The party that traveled to Arkansas included not only Cephas Washburn and his wife, but also his brother in law, Reverend Alfred Finney, as well as several others who would support the educational facility. Washburn founded Dwight Presbyterian Mission near present-day Russellville in 1820 to serve the newly arrived Cherokee. Dwight was the first American mission to the Indians west of the Mississippi River. It was named for Rev. Timothy Dwight, president of Yale College and a corporate member of the American Board of Commissioners for Foreign Missions. Dwight Mission (later called "Old Dwight Mission") in Arkansas was supplanted by another mission with the same name in Indian Territory, near what is now Sallisaw, Oklahoma. The latter became known as "New Dwight Mission".

Washburn served as the primary Indian missionary in the Arkansas region until he resigned in 1850. From 1850 to 1856 he served as minister for the First Presbyterian Church in Fort Smith, Arkansas.

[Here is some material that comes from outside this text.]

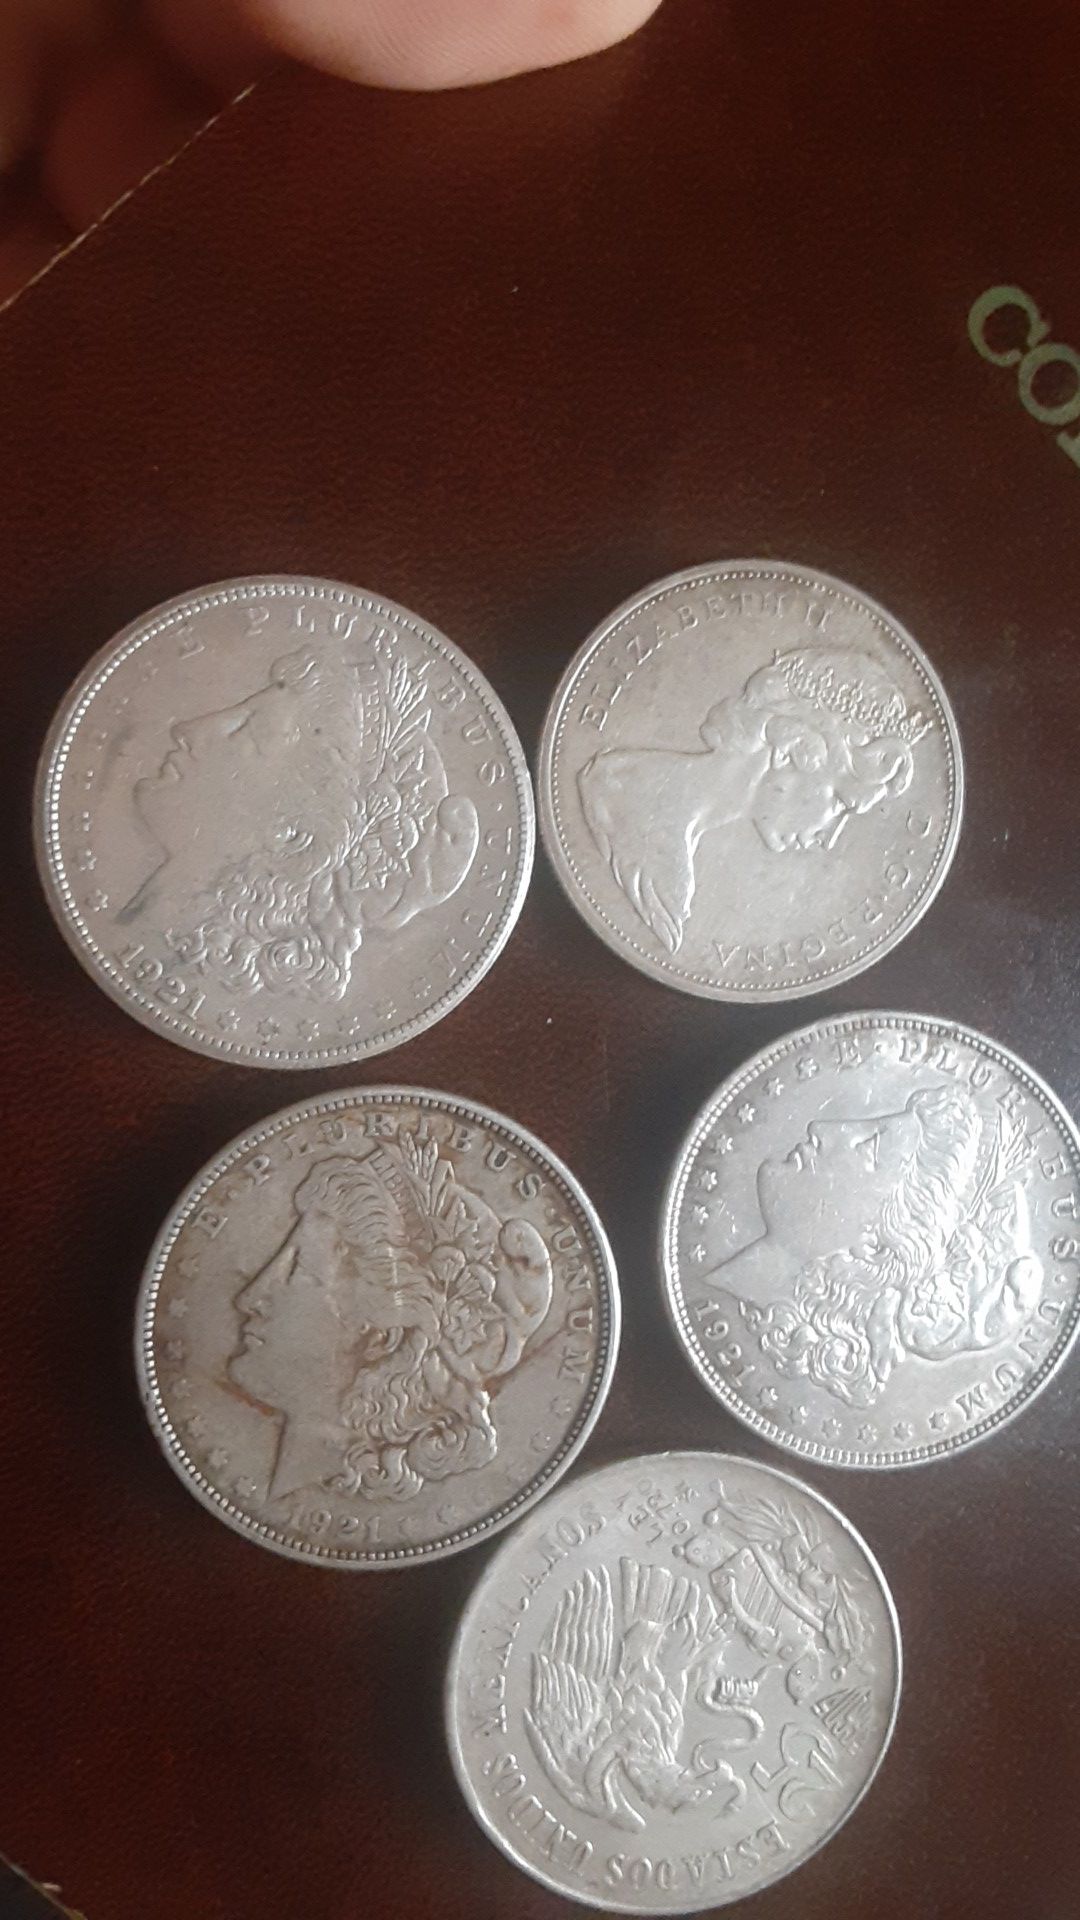 90 percent Silver coins 3 Morgan Dollars 1921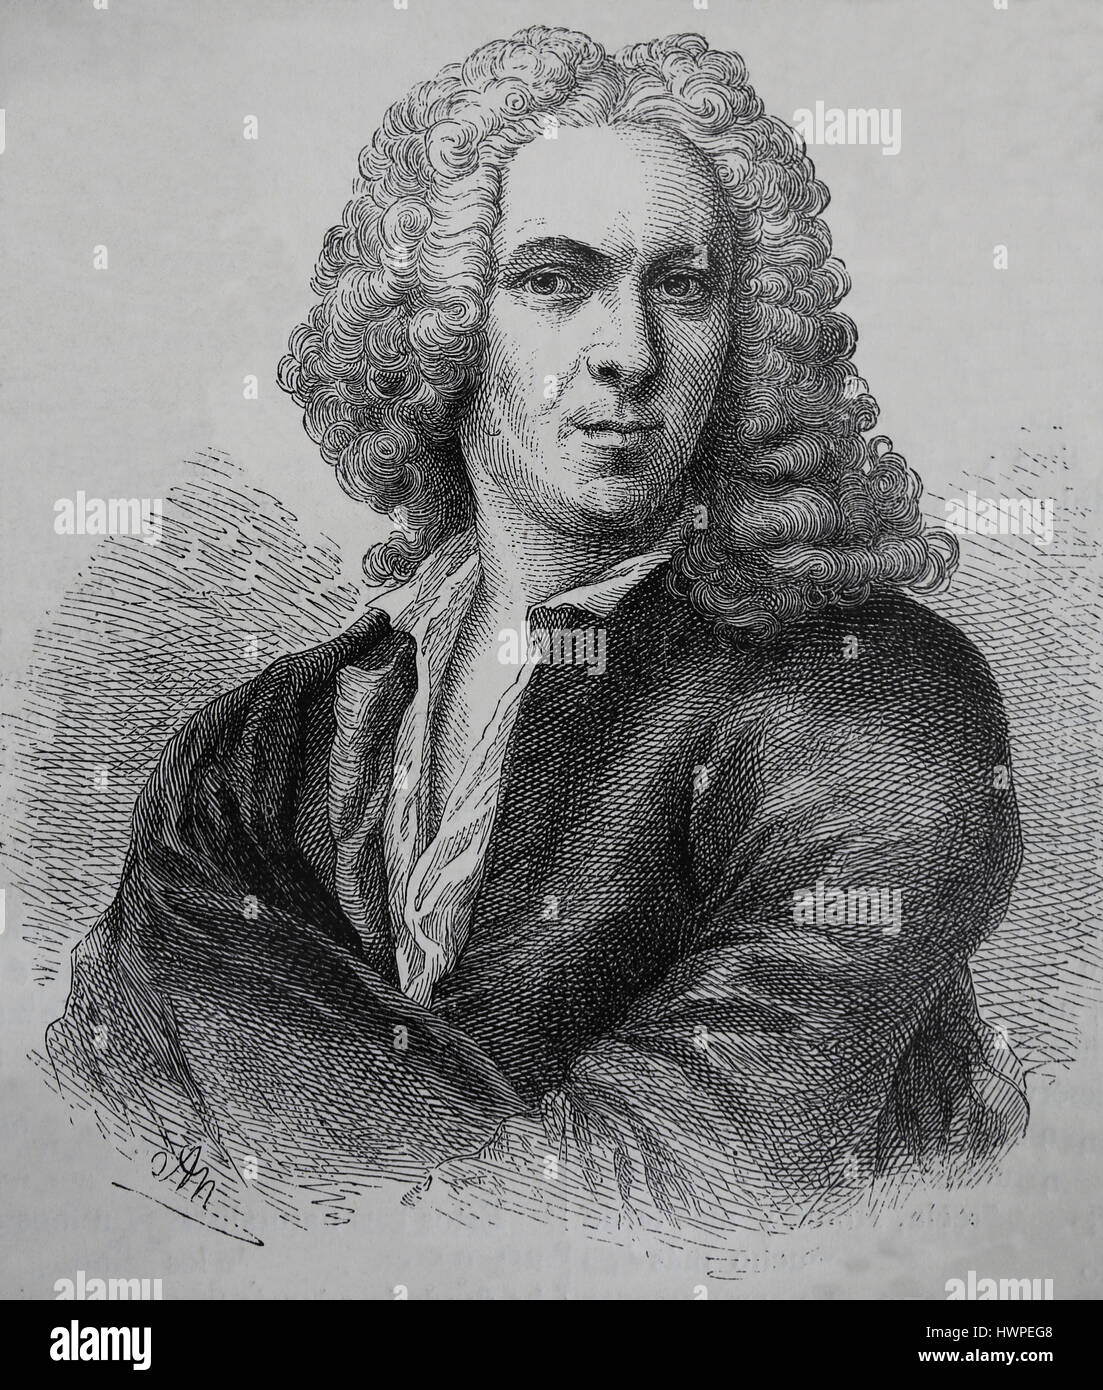 Carl Linnaeus (1707-1778). Swedish botanist, physician and zoologist. Portrait. Engraving, 1883. . Stock Photo

==Later life, death and burial==
Cephas Washburn died at Little Rock, Arkansas, on March 17, 1860, of pneumonia, while traveling to Helena, Arkansas, for an evangelical meeting. He is buried at the historic Mount Holly Cemetery in downtown Little Rock.

==Family==
Washburn's son Edward Payson Washburn was the artist who painted the well-known Arkansas Traveller painting. It received wide distribution and recognition when printed as a Currier & Ives lithograph. The painting was inspired by the humorous song "Arkansas Traveller" by Sandford C. Faulkner. His granddaughter Mabel Washbourne Anderson was a noted Cherokee writer.